■ **Information shown**:
===
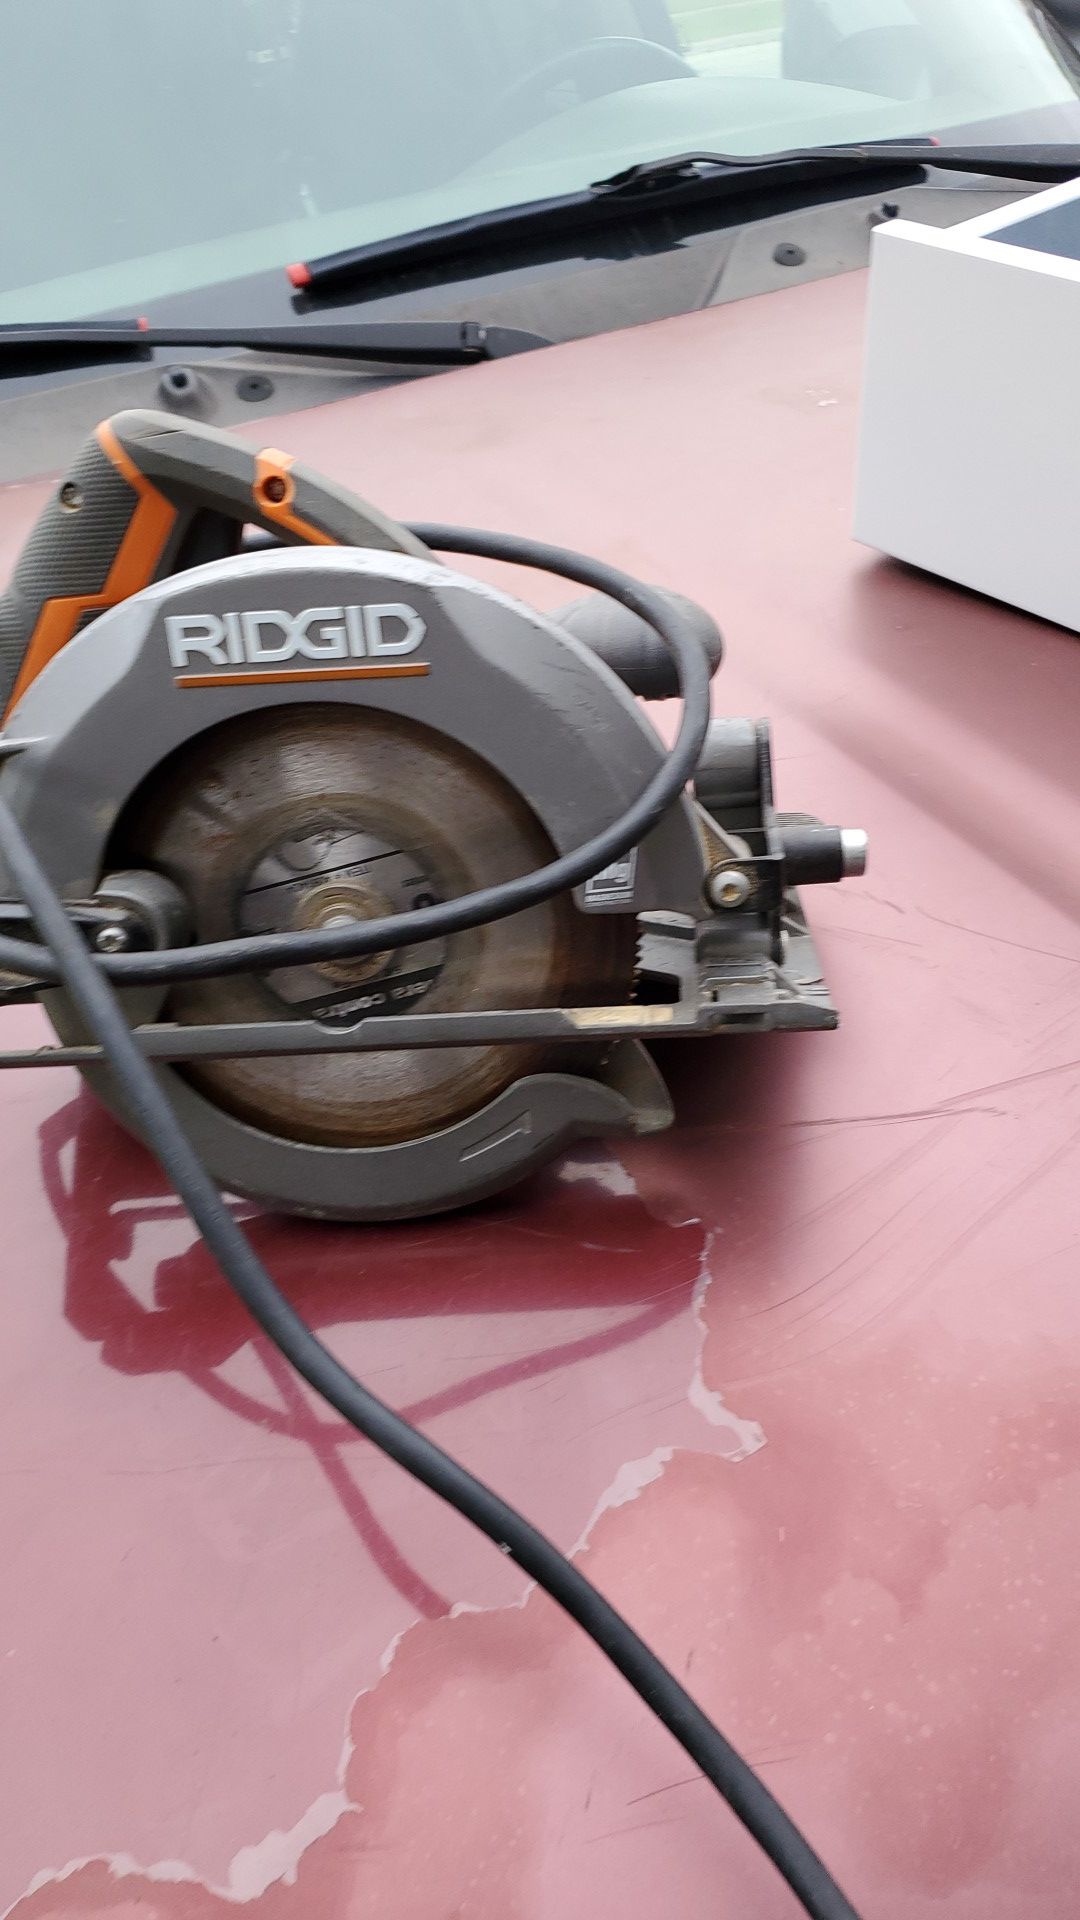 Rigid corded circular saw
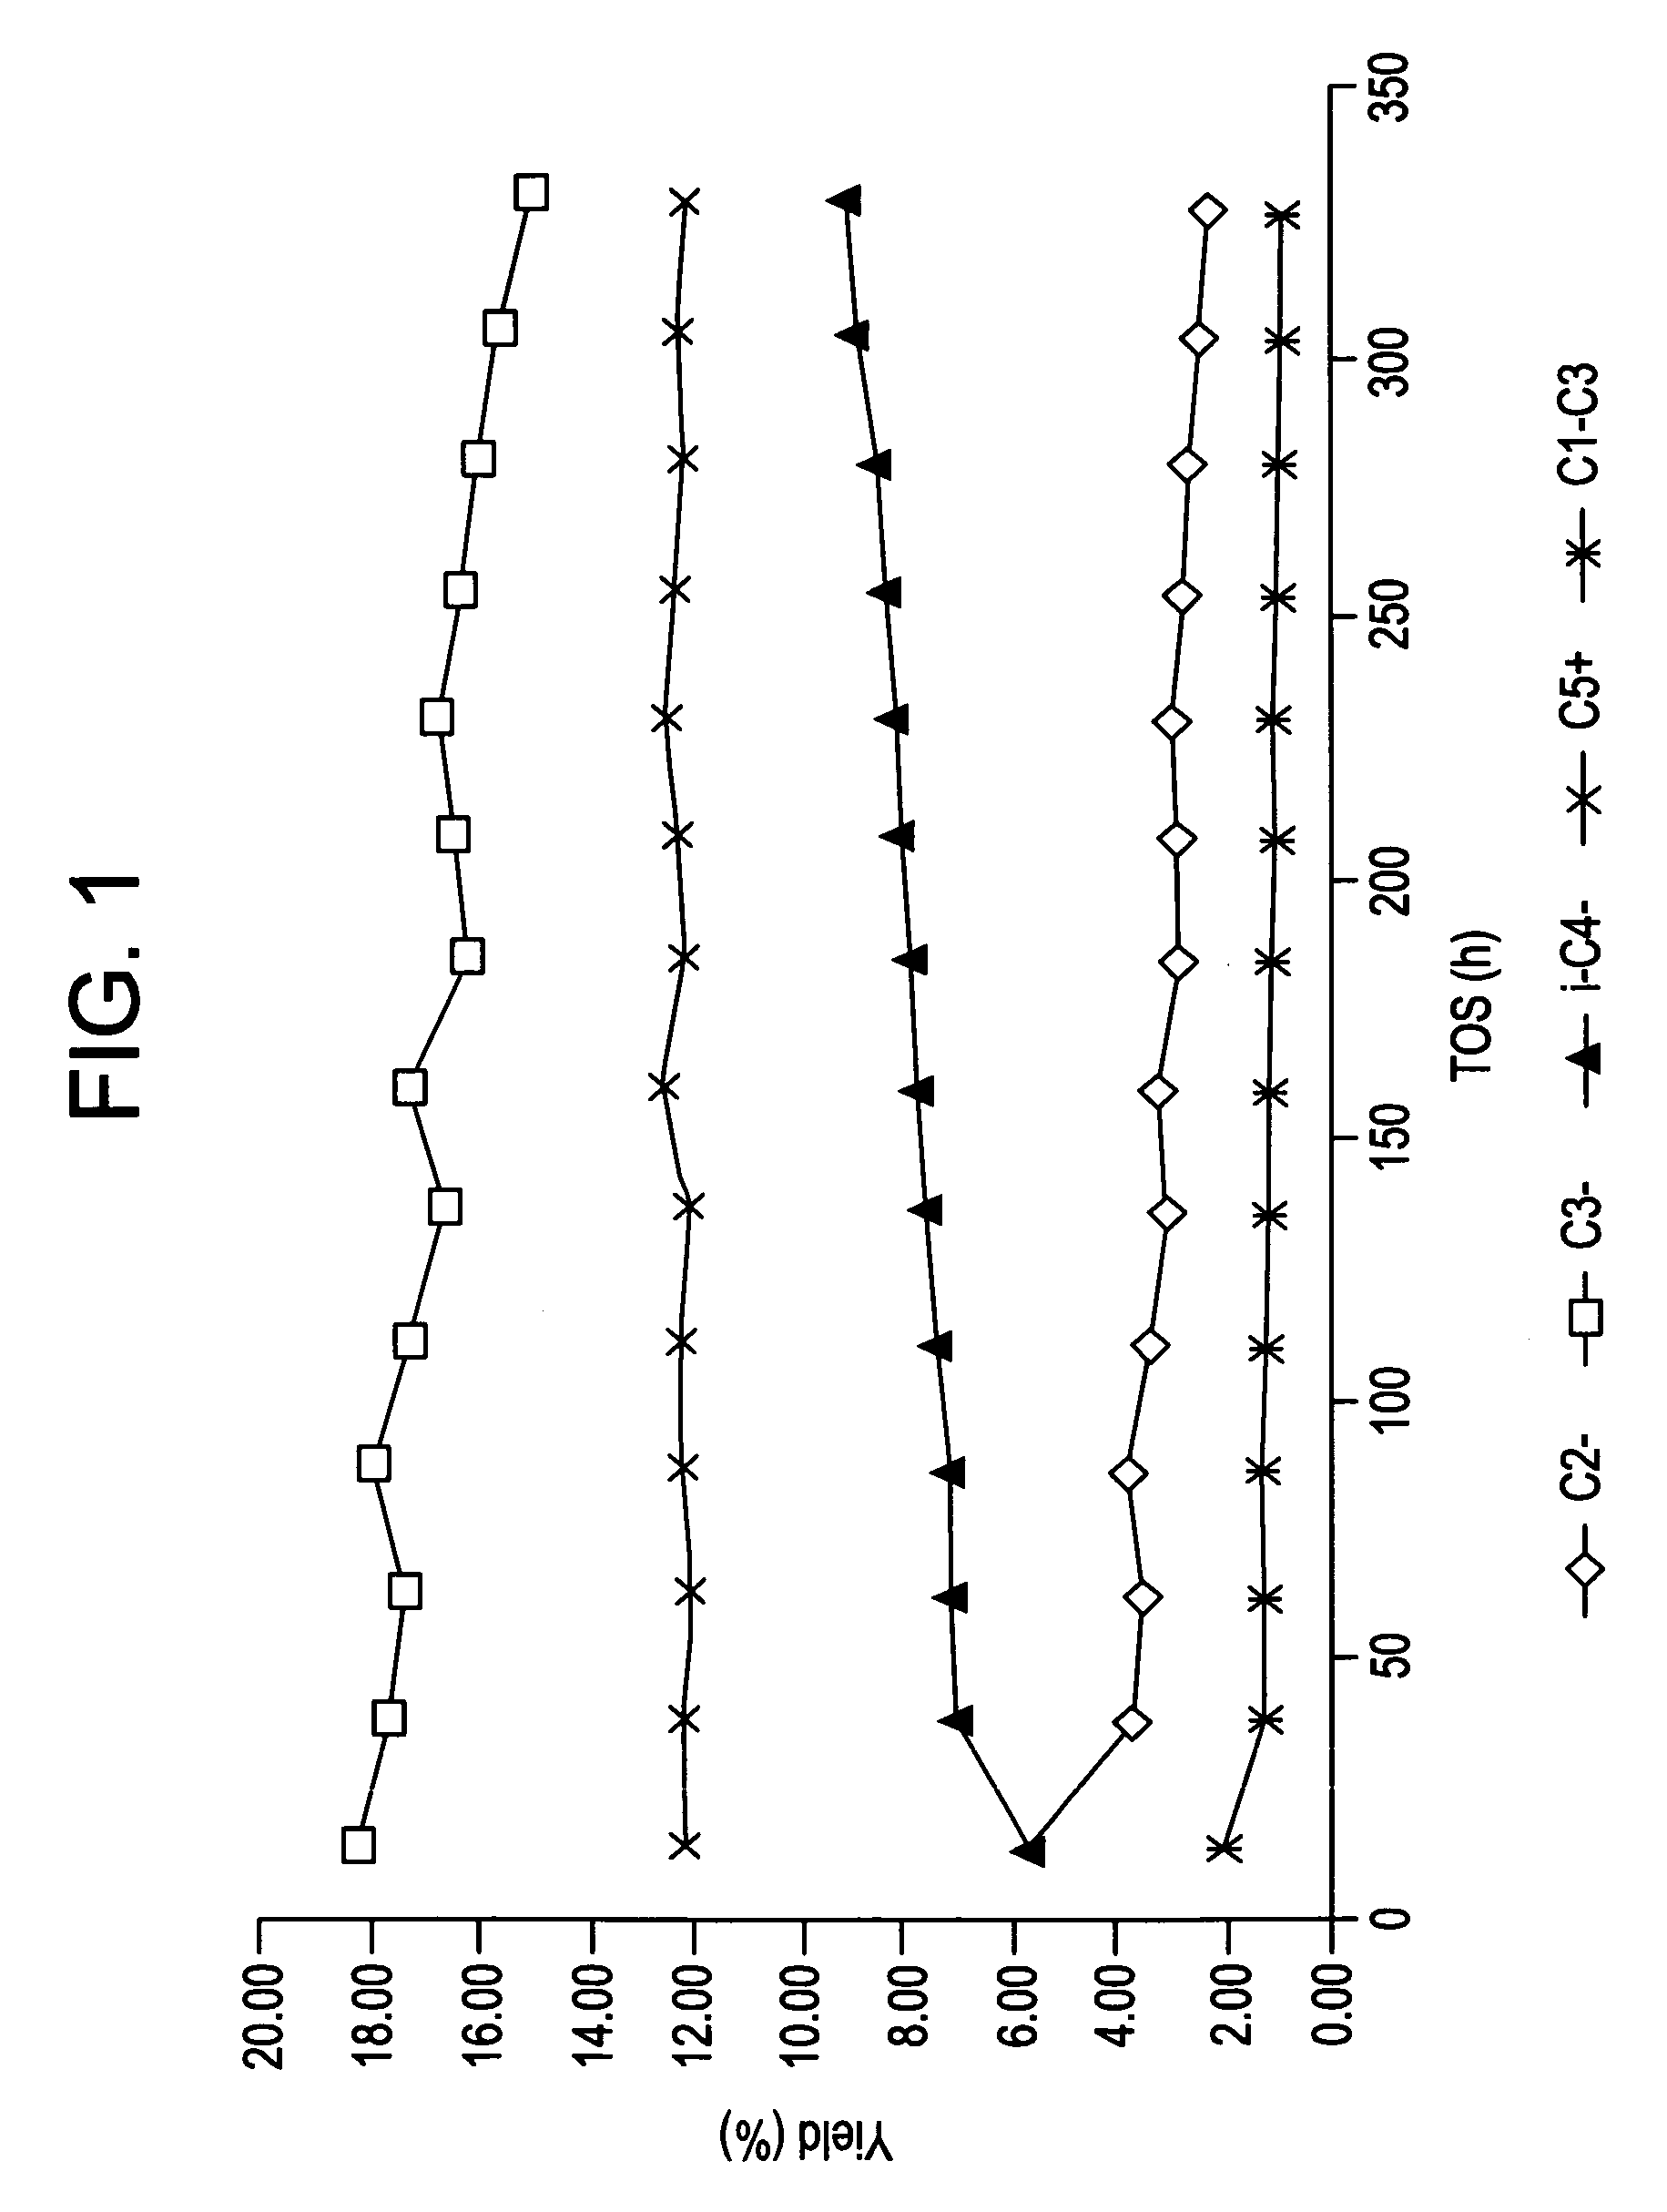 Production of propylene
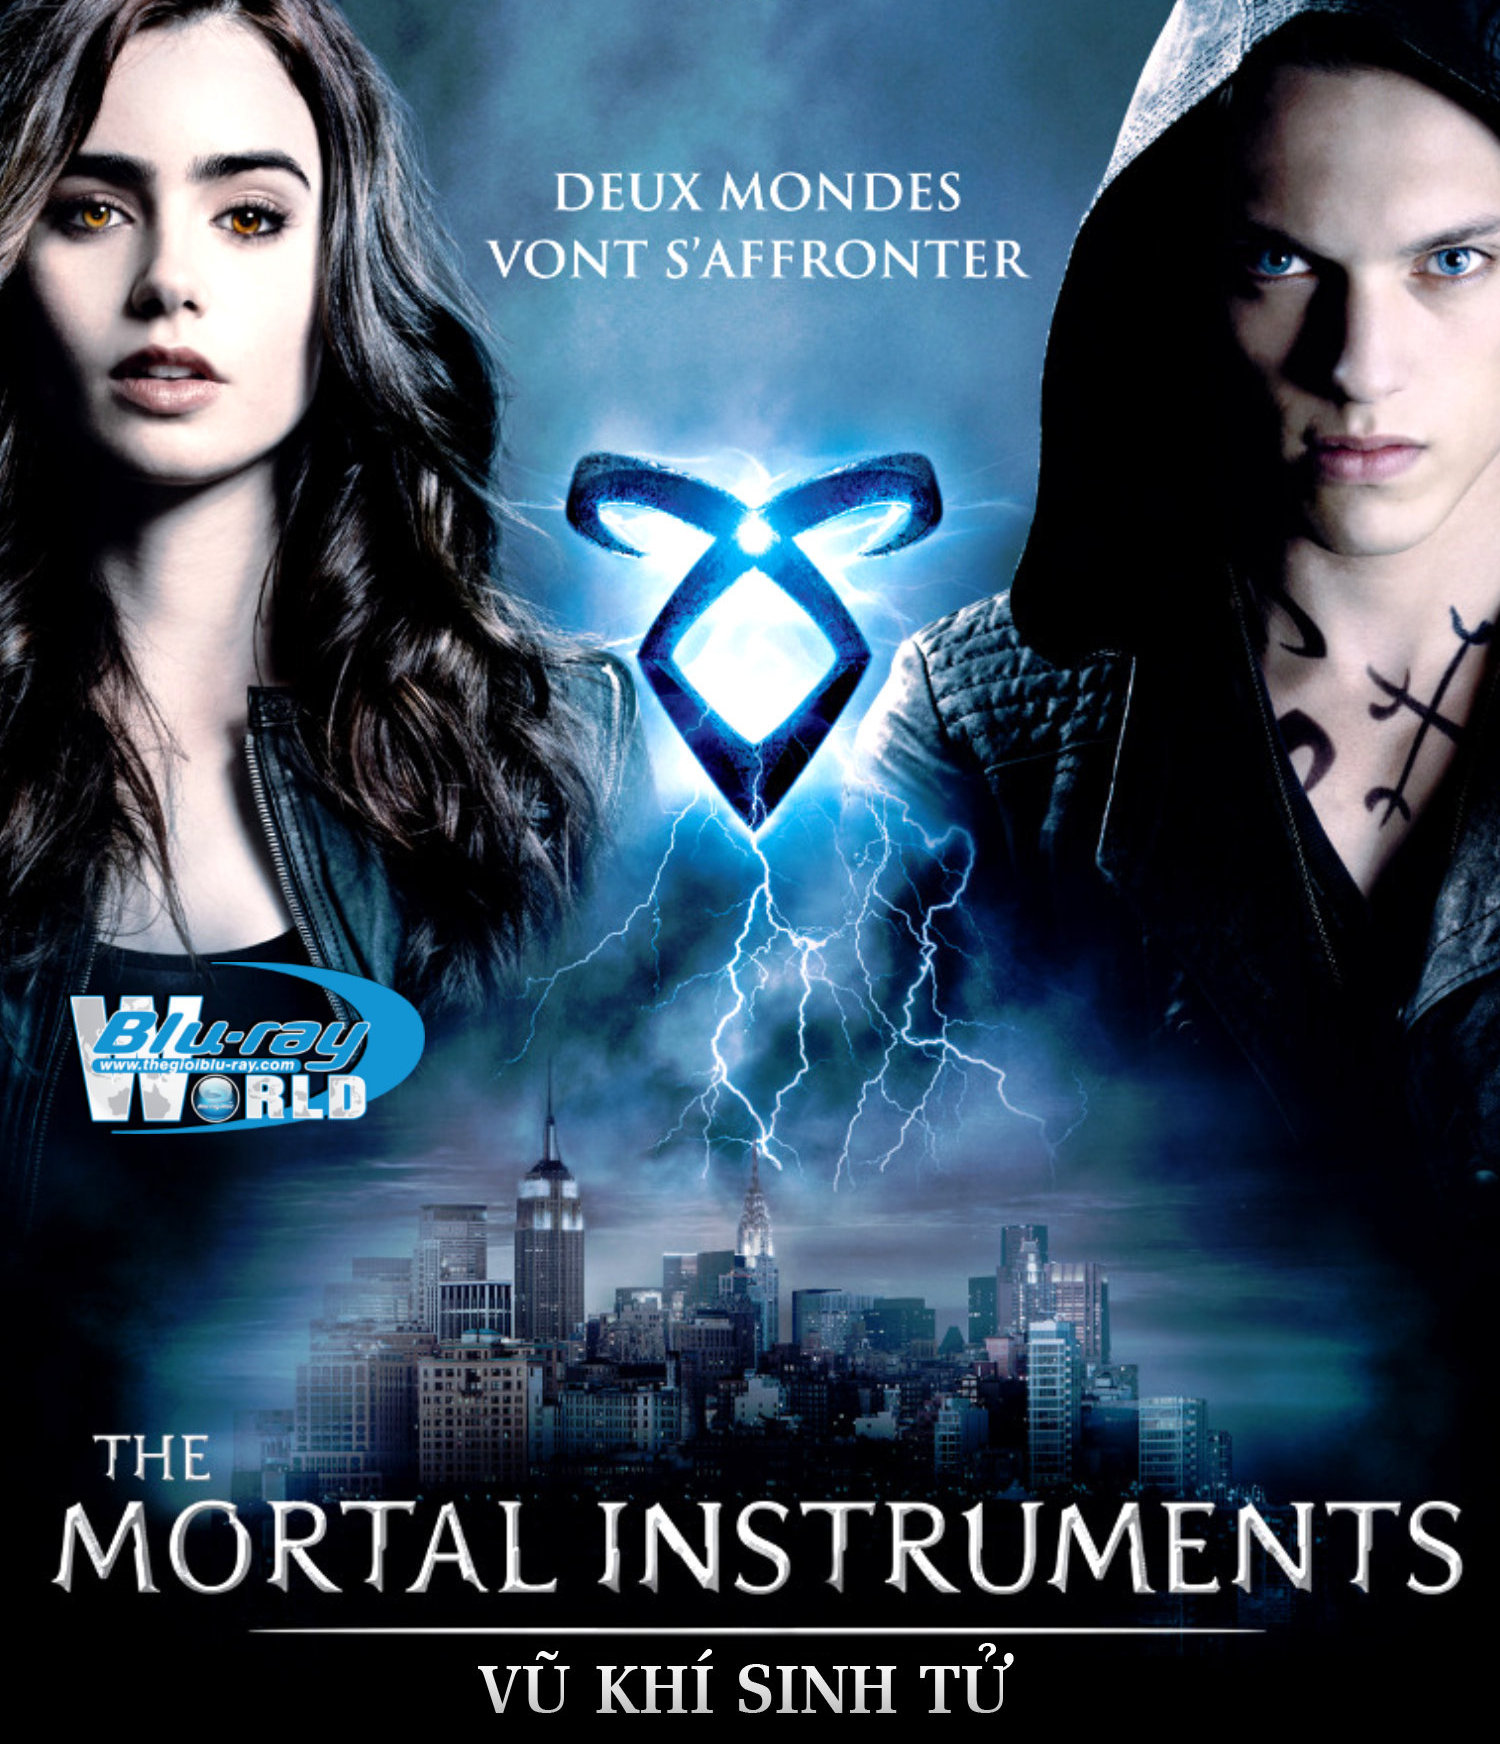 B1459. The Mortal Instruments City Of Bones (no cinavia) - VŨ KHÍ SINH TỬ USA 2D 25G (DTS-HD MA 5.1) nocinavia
===
■ **To do**:
Transcribe the listing above in full. Pictures are not part of the copy.

■ **Response to the task**:
 Rigid corded circular saw
 Production of propylene
 B1459. The Mortal Instruments City Of Bones (no cinavia) - VŨ KHÍ SINH TỬ USA 2D 25G (DTS-HD MA 5.1) nocinavia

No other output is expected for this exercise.